→ **Exercise brief**
Find and return every line of the data that contains the word "Yellow".

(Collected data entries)
· · · · ·

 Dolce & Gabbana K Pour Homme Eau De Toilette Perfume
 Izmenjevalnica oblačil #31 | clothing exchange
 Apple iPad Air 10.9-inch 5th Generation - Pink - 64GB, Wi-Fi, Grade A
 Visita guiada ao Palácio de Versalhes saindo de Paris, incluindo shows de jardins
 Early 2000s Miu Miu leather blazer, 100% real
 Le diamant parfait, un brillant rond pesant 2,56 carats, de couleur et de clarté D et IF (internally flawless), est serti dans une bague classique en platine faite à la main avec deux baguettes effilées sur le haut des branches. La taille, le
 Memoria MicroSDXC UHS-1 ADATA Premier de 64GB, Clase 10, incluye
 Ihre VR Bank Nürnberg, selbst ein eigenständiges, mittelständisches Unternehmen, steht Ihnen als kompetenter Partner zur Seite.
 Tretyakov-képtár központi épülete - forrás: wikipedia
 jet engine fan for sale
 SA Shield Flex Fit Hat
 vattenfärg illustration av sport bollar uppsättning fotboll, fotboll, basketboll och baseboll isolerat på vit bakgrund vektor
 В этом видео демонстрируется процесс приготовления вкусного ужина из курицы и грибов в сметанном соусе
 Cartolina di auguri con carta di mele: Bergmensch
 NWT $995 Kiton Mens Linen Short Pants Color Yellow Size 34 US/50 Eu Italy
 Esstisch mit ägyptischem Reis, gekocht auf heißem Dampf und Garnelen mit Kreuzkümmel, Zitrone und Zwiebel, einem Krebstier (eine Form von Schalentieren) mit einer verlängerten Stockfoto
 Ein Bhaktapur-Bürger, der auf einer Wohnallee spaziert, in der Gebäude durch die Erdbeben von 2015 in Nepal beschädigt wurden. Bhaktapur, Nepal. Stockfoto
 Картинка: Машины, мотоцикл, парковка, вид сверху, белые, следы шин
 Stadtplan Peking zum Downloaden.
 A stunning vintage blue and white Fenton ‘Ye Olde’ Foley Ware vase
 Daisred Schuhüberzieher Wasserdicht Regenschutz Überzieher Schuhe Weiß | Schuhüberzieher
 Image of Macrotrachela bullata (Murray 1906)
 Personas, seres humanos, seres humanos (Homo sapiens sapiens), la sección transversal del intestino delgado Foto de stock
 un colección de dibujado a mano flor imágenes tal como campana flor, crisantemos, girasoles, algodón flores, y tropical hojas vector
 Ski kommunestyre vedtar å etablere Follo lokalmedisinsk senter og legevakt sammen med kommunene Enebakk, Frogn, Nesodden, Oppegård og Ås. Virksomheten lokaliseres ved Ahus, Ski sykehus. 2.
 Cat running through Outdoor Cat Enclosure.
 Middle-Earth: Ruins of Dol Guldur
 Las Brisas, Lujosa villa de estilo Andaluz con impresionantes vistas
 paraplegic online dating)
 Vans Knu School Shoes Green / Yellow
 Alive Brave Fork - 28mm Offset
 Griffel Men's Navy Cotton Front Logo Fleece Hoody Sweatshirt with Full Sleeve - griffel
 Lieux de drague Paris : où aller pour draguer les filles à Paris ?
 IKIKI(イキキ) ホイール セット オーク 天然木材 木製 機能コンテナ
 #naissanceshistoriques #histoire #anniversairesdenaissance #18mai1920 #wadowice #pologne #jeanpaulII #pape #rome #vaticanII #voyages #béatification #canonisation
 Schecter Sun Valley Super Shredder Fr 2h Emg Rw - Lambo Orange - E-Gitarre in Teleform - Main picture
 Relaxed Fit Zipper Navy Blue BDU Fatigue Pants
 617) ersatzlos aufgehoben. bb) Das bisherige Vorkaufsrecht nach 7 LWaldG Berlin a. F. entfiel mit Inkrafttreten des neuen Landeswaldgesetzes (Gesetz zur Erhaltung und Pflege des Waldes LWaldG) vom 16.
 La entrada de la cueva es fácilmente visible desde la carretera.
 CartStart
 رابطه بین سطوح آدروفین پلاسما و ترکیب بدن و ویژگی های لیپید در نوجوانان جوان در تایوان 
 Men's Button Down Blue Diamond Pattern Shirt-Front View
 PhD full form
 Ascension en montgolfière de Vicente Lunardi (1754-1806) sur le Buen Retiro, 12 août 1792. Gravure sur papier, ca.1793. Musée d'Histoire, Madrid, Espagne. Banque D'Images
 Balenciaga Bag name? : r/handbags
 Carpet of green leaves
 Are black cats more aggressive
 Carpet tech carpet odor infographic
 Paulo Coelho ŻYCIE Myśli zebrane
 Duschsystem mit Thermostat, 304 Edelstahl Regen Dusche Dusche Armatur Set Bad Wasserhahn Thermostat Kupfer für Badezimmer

· · · · ·

→ **Solved exercise**
 NWT $995 Kiton Mens Linen Short Pants Color Yellow Size 34 US/50 Eu Italy
 Vans Knu School Shoes Green / Yellow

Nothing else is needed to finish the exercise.